- TASK BRIEF
Everything in the listing below from the line containing "Gossip Girl Pictured: Taylor" through the line containing "An exceptional quality" must be repeated exactly; the remaining lines are not wanted.
***** AVAILABLE DATA *****
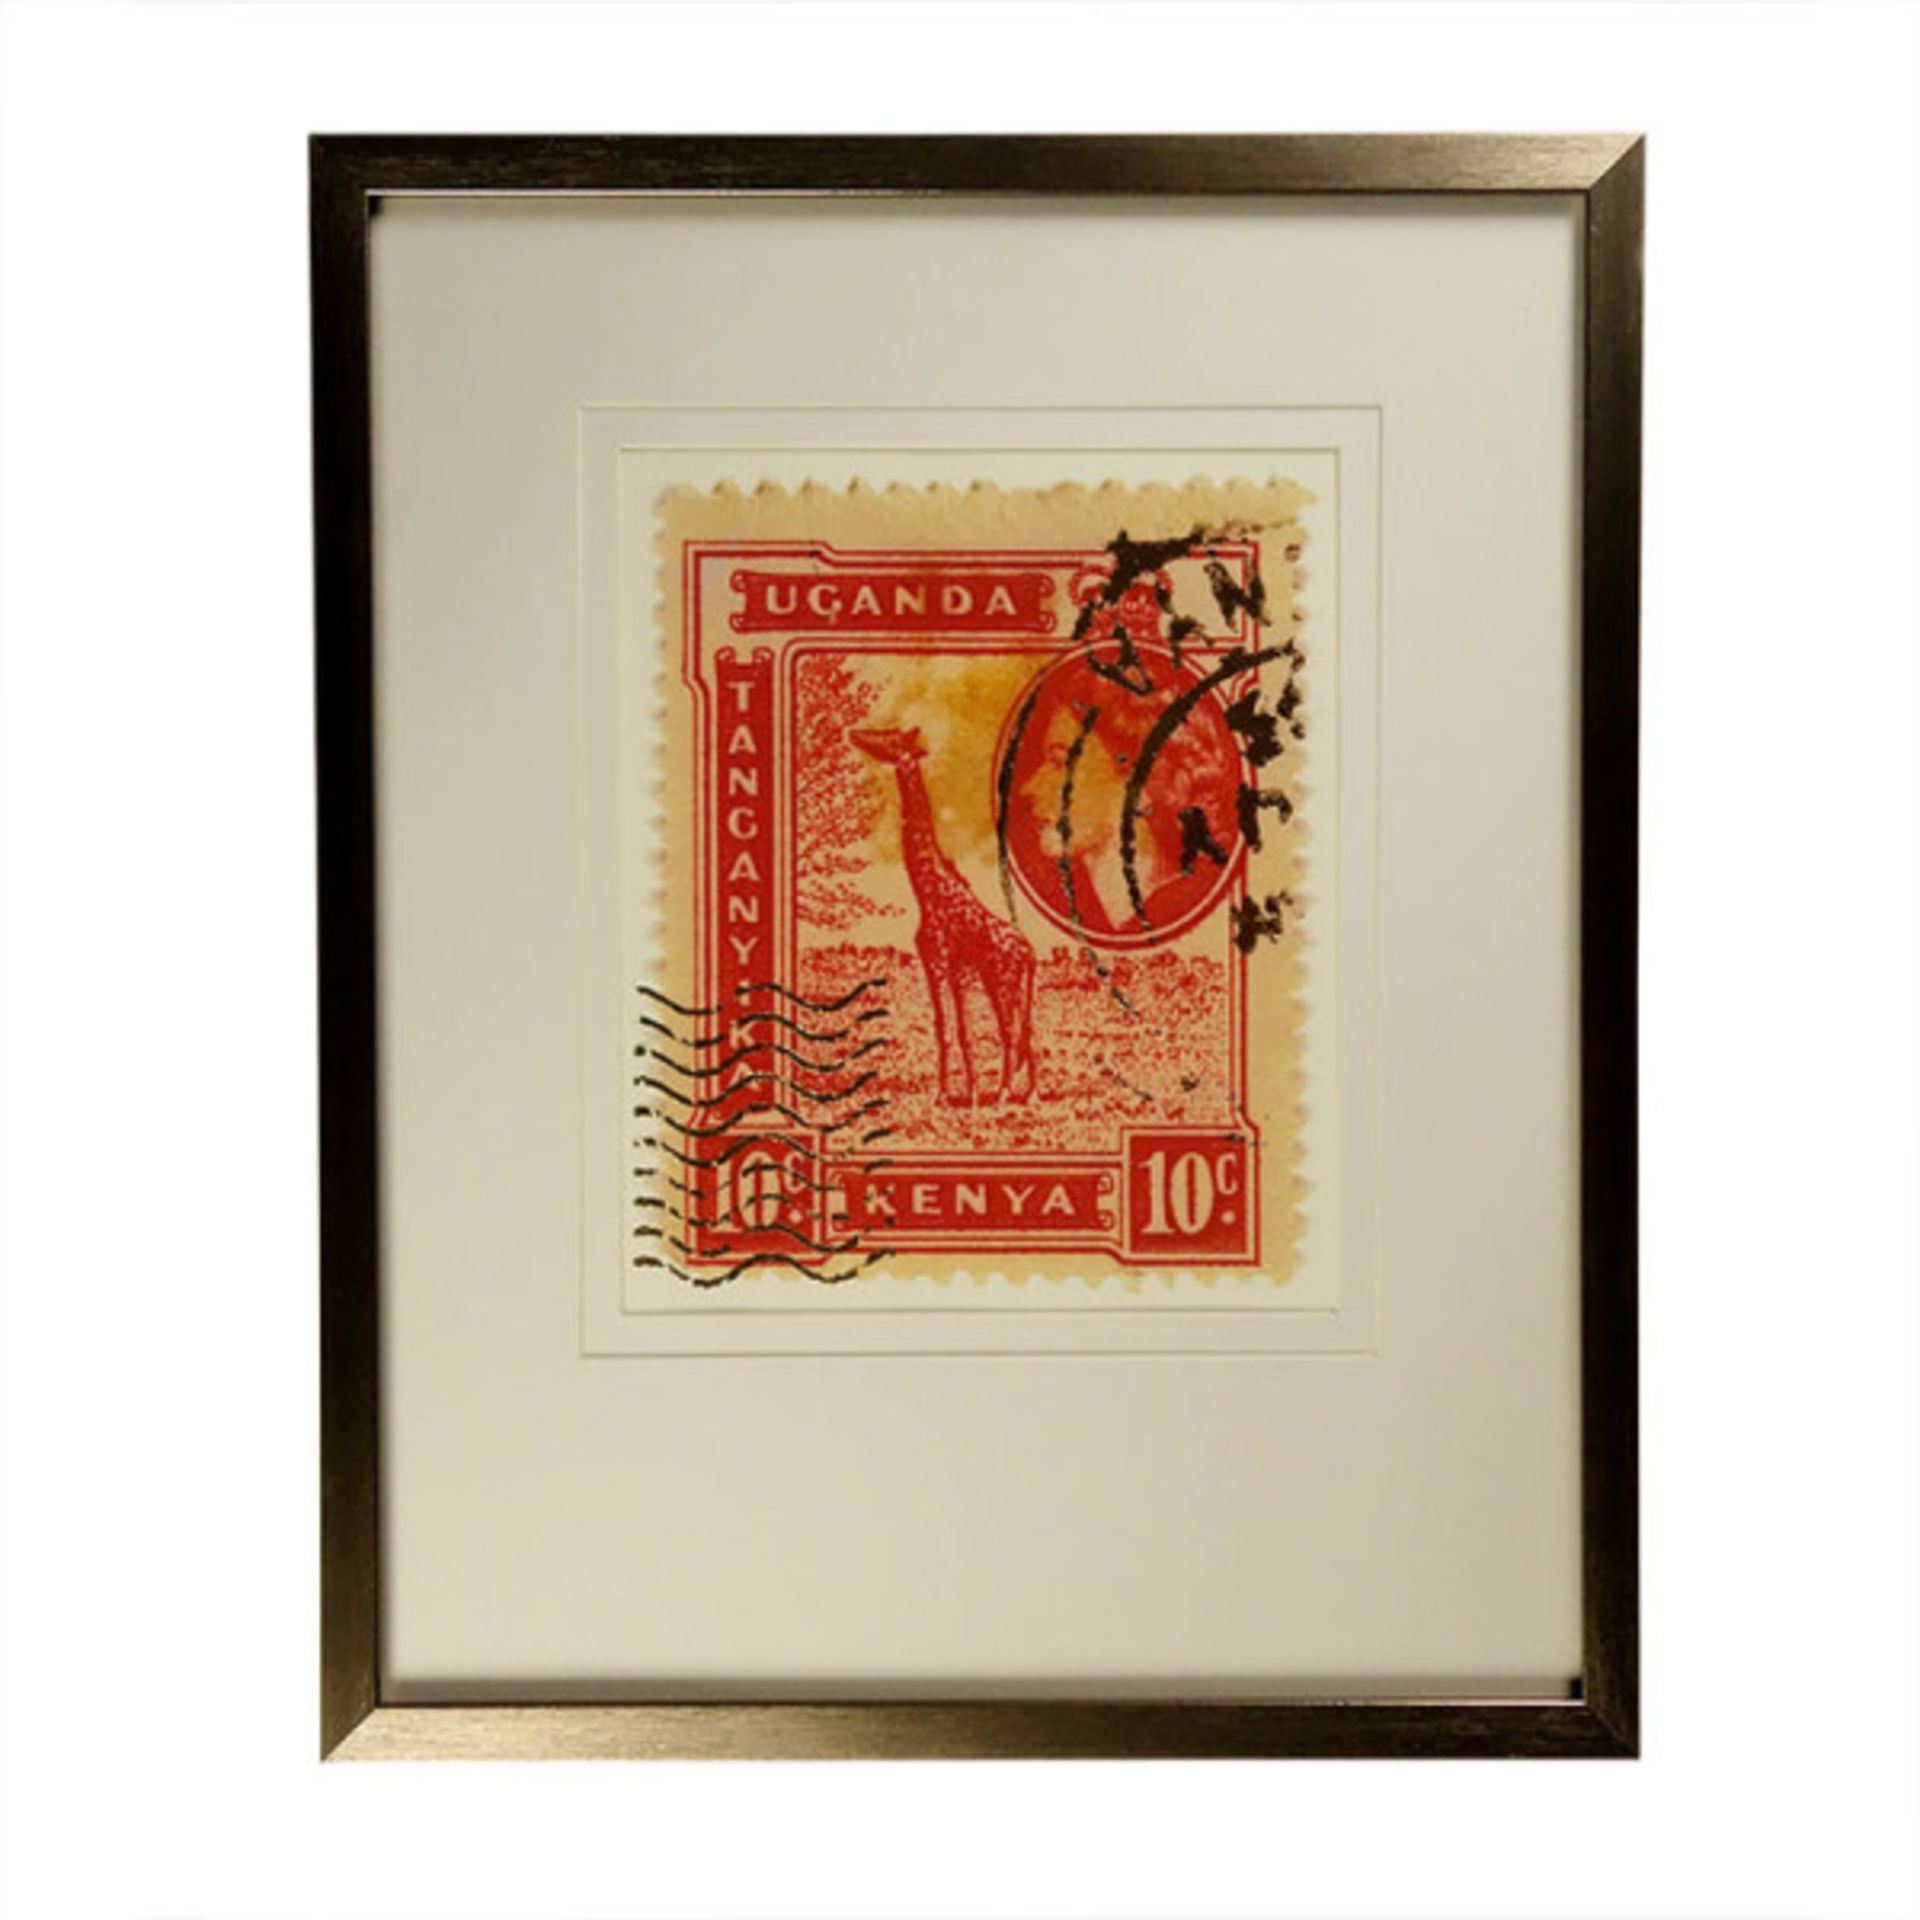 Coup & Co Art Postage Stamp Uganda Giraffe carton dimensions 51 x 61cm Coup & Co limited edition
*****
***** AVAILABLE DATA *****
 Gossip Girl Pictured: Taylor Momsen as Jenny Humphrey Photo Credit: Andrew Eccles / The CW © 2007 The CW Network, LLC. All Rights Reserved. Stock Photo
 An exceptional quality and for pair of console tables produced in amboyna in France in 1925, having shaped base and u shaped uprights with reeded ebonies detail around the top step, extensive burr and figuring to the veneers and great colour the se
*****
- EXPECTED ANSWER
 Gossip Girl Pictured: Taylor Momsen as Jenny Humphrey Photo Credit: Andrew Eccles / The CW © 2007 The CW Network, LLC. All Rights Reserved. Stock Photo
 An exceptional quality and for pair of console tables produced in amboyna in France in 1925, having shaped base and u shaped uprights with reeded ebonies detail around the top step, extensive burr and figuring to the veneers and great colour the se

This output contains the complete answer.